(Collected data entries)
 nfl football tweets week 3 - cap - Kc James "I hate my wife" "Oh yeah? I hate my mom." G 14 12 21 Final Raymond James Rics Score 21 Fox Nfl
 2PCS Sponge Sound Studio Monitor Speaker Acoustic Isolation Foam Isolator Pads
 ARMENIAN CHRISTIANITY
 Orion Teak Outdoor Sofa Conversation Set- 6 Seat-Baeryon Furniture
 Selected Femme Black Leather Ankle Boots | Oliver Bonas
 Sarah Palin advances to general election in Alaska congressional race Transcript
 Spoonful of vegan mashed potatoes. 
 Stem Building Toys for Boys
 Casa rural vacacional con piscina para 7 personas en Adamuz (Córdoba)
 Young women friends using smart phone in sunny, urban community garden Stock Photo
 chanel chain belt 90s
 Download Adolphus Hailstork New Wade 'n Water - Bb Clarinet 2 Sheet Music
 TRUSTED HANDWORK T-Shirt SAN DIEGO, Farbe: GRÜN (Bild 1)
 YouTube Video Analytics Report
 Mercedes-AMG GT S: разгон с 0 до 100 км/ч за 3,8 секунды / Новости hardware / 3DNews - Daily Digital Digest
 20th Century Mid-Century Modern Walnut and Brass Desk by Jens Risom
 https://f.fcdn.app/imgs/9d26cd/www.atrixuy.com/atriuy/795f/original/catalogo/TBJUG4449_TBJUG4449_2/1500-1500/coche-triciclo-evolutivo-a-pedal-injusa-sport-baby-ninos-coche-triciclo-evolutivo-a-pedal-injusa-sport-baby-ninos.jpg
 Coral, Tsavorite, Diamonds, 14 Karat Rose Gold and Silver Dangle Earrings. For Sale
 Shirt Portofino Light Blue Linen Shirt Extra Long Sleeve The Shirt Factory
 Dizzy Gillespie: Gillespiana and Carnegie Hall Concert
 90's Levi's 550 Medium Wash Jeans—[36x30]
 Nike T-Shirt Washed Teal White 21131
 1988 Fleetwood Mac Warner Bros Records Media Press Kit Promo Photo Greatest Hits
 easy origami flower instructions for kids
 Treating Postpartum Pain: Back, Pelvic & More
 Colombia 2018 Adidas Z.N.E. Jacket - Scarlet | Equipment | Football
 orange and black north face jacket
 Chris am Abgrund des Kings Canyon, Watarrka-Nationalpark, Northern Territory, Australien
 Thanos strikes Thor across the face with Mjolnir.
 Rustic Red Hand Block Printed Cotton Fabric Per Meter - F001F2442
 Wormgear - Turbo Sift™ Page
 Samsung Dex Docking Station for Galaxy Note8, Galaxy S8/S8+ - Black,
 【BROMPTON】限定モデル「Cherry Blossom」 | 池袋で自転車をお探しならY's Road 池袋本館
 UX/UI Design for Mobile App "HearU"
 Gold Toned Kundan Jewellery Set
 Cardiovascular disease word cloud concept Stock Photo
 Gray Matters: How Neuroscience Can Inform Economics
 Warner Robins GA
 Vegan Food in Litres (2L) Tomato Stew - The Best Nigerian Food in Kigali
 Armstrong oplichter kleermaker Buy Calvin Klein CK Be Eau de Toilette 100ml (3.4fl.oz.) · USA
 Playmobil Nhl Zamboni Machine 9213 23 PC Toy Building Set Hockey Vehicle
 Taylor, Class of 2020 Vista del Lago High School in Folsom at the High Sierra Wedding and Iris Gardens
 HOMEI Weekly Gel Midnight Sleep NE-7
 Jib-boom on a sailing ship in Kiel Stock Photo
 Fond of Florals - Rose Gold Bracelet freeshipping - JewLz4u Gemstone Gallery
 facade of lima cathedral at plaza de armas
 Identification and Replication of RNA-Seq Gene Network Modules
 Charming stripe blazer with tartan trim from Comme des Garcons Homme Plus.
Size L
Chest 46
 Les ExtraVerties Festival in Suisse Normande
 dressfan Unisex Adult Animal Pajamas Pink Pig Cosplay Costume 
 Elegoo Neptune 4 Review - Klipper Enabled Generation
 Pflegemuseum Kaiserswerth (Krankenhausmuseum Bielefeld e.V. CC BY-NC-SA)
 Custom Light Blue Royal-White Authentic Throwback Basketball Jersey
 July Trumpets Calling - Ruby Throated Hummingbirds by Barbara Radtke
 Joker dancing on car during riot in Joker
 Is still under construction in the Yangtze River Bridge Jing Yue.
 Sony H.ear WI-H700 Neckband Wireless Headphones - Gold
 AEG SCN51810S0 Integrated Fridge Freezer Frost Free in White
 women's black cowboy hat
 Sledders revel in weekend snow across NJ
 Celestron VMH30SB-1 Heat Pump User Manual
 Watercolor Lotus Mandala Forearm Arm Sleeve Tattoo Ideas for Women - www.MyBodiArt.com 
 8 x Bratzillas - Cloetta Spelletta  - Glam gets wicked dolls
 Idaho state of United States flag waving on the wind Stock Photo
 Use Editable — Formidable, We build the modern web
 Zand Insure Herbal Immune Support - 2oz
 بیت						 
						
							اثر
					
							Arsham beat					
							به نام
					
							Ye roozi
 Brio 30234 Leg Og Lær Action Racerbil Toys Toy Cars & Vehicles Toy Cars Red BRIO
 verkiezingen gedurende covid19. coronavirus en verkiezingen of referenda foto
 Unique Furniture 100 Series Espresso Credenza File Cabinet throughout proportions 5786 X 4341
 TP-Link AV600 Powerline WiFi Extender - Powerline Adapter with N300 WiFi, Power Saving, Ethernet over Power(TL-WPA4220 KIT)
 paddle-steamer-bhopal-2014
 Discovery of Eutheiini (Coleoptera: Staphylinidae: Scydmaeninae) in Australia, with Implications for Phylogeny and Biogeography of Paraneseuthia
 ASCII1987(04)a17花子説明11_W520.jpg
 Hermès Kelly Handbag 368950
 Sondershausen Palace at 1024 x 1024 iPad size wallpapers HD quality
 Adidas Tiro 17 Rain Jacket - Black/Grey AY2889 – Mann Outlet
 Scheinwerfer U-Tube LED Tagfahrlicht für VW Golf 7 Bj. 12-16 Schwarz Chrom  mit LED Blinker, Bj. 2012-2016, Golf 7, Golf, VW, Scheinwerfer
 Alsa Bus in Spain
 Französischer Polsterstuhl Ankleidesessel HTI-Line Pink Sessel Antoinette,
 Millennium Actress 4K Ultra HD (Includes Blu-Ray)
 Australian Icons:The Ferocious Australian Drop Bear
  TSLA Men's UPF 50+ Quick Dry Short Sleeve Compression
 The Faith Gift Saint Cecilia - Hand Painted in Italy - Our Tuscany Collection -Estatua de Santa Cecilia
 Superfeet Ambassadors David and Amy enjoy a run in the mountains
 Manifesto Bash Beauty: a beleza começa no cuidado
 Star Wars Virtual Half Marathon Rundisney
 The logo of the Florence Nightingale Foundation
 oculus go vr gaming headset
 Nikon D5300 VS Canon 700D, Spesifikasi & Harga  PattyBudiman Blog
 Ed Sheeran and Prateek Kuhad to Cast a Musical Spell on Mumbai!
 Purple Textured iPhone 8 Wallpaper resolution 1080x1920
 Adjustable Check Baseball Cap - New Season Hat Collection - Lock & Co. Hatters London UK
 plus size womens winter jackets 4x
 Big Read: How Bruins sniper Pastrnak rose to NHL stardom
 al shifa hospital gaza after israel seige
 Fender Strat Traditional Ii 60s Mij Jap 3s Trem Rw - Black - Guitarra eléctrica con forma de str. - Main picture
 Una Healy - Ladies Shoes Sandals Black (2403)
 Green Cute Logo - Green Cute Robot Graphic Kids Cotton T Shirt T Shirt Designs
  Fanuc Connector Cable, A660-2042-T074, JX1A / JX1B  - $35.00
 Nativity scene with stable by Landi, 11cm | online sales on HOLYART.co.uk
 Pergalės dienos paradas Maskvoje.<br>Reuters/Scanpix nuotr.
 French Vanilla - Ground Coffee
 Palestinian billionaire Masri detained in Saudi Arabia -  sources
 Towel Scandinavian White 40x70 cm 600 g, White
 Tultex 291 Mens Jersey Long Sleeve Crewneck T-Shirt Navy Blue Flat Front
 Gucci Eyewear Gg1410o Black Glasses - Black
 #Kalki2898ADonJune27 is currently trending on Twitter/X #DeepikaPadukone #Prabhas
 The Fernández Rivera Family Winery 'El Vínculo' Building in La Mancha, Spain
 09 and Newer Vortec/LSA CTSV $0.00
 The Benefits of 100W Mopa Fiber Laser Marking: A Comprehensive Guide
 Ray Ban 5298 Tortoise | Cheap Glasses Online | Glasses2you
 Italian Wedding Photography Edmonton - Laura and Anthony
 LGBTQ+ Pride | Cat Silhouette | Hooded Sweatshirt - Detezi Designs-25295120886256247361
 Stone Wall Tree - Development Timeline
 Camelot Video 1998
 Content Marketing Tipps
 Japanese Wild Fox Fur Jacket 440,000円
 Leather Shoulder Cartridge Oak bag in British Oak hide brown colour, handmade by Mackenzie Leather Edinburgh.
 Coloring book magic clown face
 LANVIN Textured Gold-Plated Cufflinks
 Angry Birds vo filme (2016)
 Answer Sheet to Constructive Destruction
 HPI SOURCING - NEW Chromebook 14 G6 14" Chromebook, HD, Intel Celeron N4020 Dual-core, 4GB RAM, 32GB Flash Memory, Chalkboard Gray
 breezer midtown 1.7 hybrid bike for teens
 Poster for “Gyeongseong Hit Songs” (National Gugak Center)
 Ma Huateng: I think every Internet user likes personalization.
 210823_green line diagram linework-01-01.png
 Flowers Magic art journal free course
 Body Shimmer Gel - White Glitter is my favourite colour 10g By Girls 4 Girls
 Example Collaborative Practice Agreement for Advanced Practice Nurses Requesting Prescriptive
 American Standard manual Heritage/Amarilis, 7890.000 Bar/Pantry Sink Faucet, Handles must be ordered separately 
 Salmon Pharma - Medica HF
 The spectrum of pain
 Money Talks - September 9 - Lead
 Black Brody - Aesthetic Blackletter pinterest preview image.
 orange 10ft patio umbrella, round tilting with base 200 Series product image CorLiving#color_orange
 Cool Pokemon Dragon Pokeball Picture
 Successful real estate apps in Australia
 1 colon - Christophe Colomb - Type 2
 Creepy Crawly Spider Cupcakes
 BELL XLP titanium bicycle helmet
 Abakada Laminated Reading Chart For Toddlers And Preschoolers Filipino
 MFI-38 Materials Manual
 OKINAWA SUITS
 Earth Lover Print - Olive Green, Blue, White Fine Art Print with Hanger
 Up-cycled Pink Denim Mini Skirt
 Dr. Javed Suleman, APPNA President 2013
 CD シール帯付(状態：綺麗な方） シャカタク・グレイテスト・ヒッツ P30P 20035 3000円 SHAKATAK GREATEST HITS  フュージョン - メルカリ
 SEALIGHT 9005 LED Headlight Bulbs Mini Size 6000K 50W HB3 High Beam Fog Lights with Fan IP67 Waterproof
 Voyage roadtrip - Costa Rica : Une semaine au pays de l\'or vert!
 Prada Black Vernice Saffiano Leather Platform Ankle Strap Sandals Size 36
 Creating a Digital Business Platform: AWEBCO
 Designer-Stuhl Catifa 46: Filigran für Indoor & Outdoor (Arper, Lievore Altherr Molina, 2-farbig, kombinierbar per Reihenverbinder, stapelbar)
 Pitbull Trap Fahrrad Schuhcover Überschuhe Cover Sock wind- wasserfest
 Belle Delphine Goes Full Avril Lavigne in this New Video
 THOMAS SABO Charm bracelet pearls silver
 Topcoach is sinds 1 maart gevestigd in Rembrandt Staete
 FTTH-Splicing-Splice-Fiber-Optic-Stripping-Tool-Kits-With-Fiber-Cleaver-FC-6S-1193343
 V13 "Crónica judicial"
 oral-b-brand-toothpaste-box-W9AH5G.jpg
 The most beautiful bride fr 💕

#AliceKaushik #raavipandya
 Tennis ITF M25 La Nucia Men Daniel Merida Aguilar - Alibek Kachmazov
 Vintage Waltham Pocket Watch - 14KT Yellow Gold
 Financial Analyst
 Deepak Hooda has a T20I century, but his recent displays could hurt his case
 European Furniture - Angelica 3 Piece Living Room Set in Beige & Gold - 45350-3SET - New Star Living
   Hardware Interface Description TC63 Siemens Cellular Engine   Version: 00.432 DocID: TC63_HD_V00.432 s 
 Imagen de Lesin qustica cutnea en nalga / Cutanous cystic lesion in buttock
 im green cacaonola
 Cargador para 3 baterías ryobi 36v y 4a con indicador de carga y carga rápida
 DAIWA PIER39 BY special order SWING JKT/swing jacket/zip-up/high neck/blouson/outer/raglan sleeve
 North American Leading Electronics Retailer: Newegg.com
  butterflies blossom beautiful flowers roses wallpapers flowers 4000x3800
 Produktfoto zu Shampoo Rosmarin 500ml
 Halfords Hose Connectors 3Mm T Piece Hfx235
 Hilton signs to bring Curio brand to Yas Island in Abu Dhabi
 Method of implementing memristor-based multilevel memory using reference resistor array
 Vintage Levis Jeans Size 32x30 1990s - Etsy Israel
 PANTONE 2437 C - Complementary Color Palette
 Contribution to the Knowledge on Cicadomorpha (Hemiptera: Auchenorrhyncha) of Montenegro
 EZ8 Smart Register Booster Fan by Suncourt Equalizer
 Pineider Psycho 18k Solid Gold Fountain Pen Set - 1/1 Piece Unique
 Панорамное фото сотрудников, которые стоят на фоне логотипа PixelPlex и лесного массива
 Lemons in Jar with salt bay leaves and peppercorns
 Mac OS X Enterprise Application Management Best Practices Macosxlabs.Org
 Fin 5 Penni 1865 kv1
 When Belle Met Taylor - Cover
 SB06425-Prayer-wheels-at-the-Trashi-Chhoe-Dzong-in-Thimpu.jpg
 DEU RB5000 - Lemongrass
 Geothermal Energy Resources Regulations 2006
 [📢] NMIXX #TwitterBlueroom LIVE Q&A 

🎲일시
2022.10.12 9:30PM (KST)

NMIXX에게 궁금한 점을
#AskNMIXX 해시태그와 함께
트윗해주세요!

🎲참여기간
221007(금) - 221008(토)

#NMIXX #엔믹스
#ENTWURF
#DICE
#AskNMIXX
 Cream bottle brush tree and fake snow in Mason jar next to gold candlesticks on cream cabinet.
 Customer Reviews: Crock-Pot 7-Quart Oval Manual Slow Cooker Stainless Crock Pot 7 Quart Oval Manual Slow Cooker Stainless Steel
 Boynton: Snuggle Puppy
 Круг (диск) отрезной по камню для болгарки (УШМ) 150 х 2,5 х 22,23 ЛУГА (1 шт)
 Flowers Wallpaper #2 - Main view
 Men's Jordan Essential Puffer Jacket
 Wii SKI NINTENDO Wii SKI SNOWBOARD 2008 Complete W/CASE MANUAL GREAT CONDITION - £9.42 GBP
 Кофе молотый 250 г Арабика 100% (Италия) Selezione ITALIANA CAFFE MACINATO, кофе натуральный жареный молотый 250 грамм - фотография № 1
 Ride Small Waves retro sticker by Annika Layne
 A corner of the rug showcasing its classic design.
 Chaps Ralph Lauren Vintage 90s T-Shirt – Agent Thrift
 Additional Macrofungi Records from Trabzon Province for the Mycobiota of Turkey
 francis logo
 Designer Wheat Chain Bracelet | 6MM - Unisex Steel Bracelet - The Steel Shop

## [Task instructions]
Please return only the lines above, starting at the line that has "Body Shimmer Gel" and ending at the line that has "Successful real estate apps in Australia", keeping both and leaving each one unchanged.

## [Task output]
 Body Shimmer Gel - White Glitter is my favourite colour 10g By Girls 4 Girls
 Example Collaborative Practice Agreement for Advanced Practice Nurses Requesting Prescriptive
 American Standard manual Heritage/Amarilis, 7890.000 Bar/Pantry Sink Faucet, Handles must be ordered separately 
 Salmon Pharma - Medica HF
 The spectrum of pain
 Money Talks - September 9 - Lead
 Black Brody - Aesthetic Blackletter pinterest preview image.
 orange 10ft patio umbrella, round tilting with base 200 Series product image CorLiving#color_orange
 Cool Pokemon Dragon Pokeball Picture
 Successful real estate apps in Australia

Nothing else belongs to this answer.